Пока мы неслись вниз по противоположному скату волны, я нырнул под брезент, развернул скатанный край и перебросил его на корму, накрыв и Ричарда Паркера. Даже если б он и взбрыкнул, я бы все равно его не услышал. Орудуя быстрее швейной машинки, кантующей отрез материи, я закрепил боковые края брезента на гаках с обоих бортов. И тут мы опять взмыли ввысь. Шлюпка снова вздыбилась. Удержаться в таком положении было нелегко. Сверху она была целиком закрыта брезентом: я задраил его наглухо, кроме одного края — с моей стороны. Я протиснулся между боковой банкой и брезентом и натянул свободный его край себе на голову. Там негде было развернуться. Между банкой и планширем оставалось дюймов двенадцать свободного пространства, а боковые банки были шириной не больше полутора футов. Даже перед лицом смерти мне хватило ума держаться подальше от днища шлюпки. Надо было закрепить брезент на четырех последних гаках. Я просунул руку через отверстие и начал наматывать веревку. После каждого гака дотянуться до следующего было все труднее. Я управился с двумя. Осталось еще два. Шлюпку быстро понесло вверх, все выше и выше, — казалось, она никогда не остановится. Крен уже достигал больше тридцати градусов. Я чувствовал, что меня вот-вот отбросит на корму. Резко вытянув руку, я зацепил веревку еще за один гак. Мне это вполне удалось. Хотя такую работу сподручнее делать снаружи, а не изнутри. Я что было сил схватился за веревку — и перестал соскальзывать на другой конец шлюпки. Между тем ее накренило больше чем на сорок градусов.
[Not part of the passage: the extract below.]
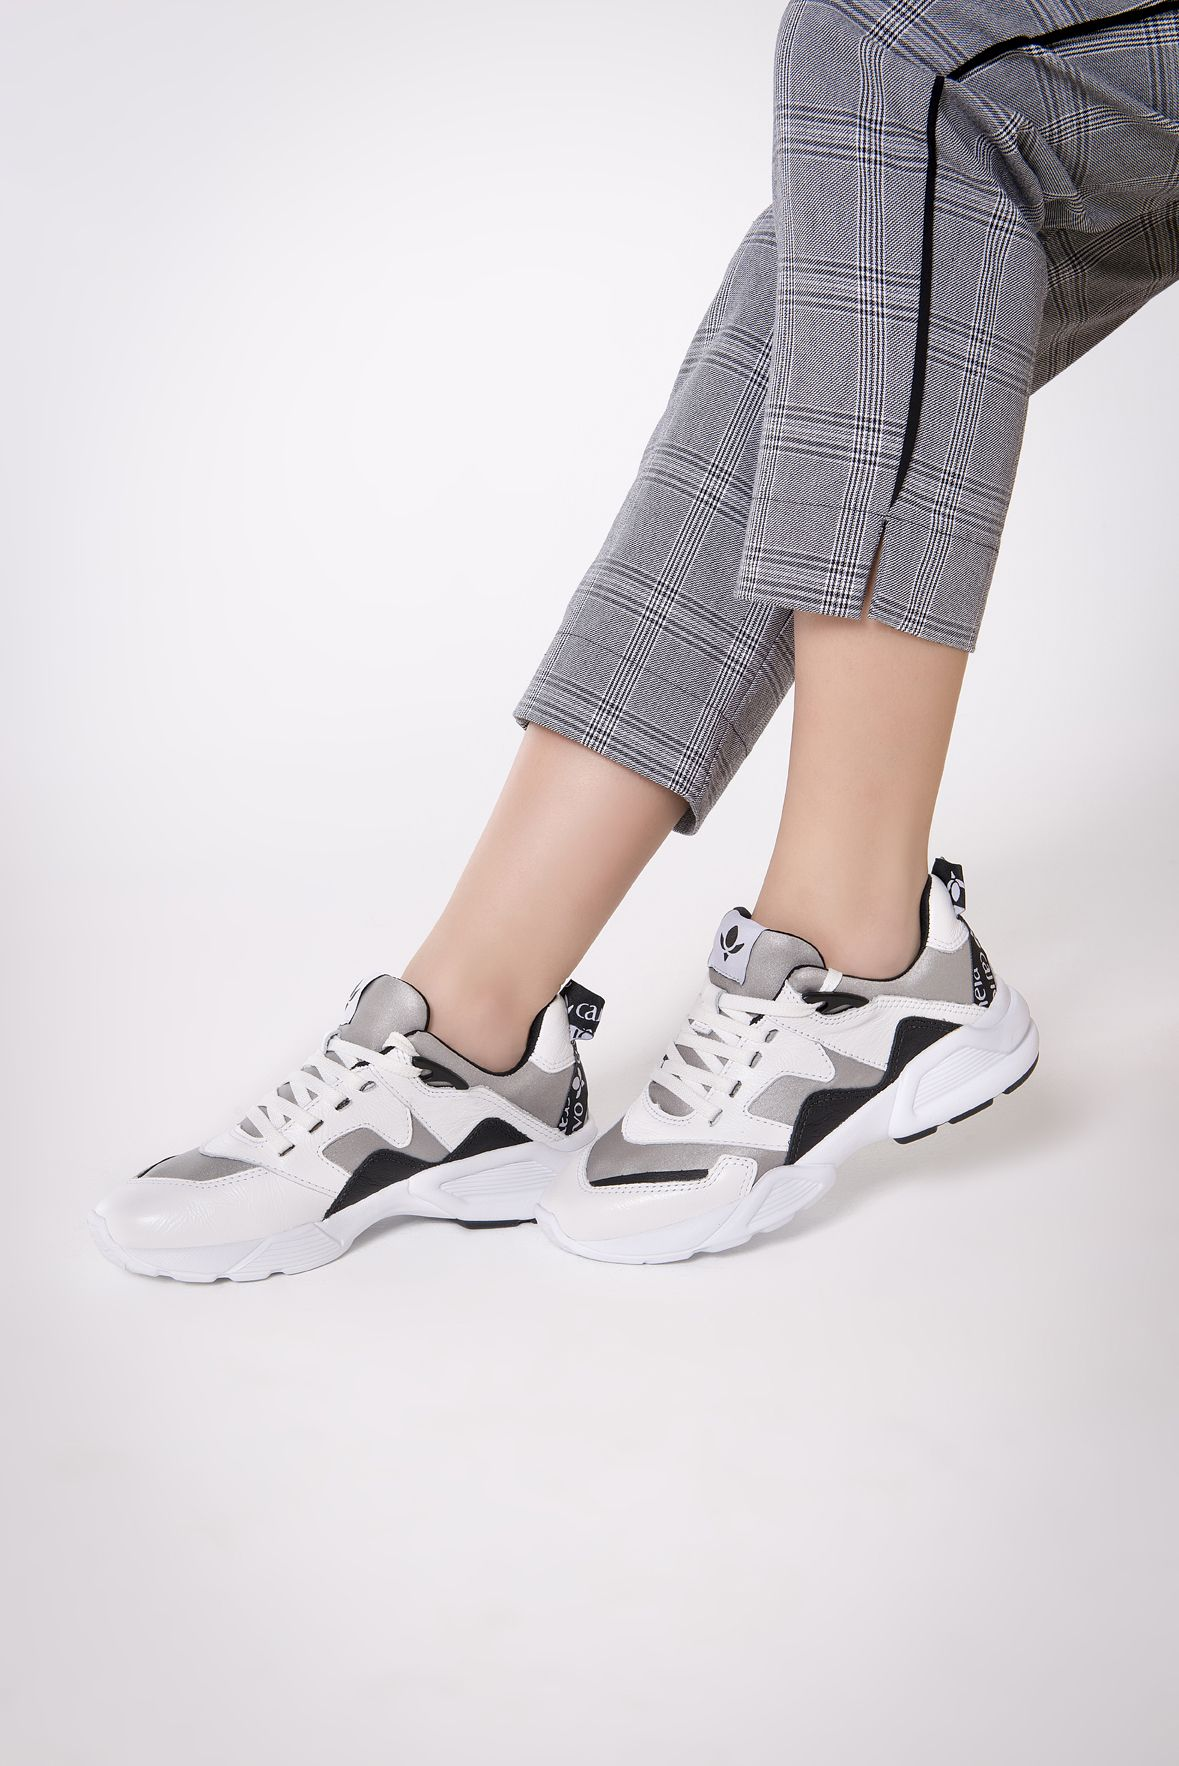 90b29683274 Tênis chunky shoes nas cores preto

Когда мы взлетели на гребень волны, нас уже кренило градусов на шестьдесят — а потом вдруг перебросило на противоположный ее скат. И тут же накрыло, но не всей волной, а лишь краешком. А мне почудилось, будто меня ударили здоровенным кулаком. Нас опять резко накренило — и все вдруг перевернулось вверх дном: я оказался на нижнем конце шлюпки, и затопившая ее вода хлынула на меня, подхватив и тигра. Впрочем, тигра я не заметил — я даже толком не знал, где прятался Ричард Паркер: под брезентом было темно, хоть глаз выколи, — но, прежде чем мы оказались на дне очередной долины, я чуть не захлебнулся.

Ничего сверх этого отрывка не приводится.